[Opening Exercise data section]
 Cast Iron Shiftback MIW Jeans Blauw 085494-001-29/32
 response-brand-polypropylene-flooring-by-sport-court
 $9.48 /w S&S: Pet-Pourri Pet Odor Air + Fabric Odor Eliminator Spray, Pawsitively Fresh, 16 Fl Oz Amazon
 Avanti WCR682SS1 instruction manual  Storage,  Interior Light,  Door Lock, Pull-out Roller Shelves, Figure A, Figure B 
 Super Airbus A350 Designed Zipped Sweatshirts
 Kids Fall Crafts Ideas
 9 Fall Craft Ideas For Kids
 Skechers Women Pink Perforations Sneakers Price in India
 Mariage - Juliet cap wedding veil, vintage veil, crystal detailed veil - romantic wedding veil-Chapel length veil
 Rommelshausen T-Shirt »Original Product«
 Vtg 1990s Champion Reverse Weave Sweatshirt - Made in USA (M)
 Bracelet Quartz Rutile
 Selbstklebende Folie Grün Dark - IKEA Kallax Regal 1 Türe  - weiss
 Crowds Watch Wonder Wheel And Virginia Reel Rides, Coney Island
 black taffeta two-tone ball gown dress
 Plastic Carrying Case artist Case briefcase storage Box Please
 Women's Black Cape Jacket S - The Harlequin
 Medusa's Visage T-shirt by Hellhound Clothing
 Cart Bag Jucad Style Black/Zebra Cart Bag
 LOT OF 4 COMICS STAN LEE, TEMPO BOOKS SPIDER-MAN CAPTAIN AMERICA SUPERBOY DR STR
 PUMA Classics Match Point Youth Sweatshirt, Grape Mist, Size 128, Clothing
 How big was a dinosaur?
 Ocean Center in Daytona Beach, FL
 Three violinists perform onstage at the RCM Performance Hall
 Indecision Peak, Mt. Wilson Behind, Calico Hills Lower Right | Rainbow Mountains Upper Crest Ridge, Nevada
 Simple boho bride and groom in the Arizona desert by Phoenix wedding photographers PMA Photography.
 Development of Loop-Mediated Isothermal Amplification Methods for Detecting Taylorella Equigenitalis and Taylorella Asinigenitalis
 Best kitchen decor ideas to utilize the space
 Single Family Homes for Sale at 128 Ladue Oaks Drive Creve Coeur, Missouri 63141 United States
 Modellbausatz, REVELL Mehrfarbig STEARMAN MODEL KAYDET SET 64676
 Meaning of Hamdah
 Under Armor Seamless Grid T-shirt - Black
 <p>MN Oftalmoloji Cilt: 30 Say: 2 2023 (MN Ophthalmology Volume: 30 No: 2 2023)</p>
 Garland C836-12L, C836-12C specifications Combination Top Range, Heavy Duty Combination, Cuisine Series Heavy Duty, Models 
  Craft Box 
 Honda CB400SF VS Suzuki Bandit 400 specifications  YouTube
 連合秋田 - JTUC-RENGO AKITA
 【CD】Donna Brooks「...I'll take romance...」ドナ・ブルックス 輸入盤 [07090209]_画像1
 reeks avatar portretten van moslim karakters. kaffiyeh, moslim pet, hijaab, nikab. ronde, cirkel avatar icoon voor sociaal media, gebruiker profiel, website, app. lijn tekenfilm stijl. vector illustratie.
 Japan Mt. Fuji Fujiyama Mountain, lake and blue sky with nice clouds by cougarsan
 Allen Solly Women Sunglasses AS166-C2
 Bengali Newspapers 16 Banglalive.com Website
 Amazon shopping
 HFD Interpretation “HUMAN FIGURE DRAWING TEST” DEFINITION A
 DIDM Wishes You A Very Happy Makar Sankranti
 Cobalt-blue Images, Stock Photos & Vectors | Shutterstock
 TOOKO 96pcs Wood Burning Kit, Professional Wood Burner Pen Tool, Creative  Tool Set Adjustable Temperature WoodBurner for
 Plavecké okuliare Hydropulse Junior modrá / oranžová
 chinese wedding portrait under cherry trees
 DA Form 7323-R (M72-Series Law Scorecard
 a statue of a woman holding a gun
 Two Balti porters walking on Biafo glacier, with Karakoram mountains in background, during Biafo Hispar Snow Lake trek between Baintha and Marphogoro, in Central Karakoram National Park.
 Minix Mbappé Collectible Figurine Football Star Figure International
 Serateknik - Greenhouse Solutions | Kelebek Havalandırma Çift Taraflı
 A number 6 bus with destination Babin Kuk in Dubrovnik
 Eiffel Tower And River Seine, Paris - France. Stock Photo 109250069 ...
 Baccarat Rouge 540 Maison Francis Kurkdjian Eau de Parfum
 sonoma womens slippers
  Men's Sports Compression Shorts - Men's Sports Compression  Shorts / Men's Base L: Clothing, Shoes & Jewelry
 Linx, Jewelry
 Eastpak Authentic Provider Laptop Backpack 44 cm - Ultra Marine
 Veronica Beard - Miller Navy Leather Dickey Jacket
[Closing Exercise data section]
What to produce:
Output should match, line for line, the stretch of the material above from the line holding "Cobalt-blue Images, Stock" through the line holding "Serateknik - Greenhouse".

Task solution:
 Cobalt-blue Images, Stock Photos & Vectors | Shutterstock
 TOOKO 96pcs Wood Burning Kit, Professional Wood Burner Pen Tool, Creative  Tool Set Adjustable Temperature WoodBurner for
 Plavecké okuliare Hydropulse Junior modrá / oranžová
 chinese wedding portrait under cherry trees
 DA Form 7323-R (M72-Series Law Scorecard
 a statue of a woman holding a gun
 Two Balti porters walking on Biafo glacier, with Karakoram mountains in background, during Biafo Hispar Snow Lake trek between Baintha and Marphogoro, in Central Karakoram National Park.
 Minix Mbappé Collectible Figurine Football Star Figure International
 Serateknik - Greenhouse Solutions | Kelebek Havalandırma Çift Taraflı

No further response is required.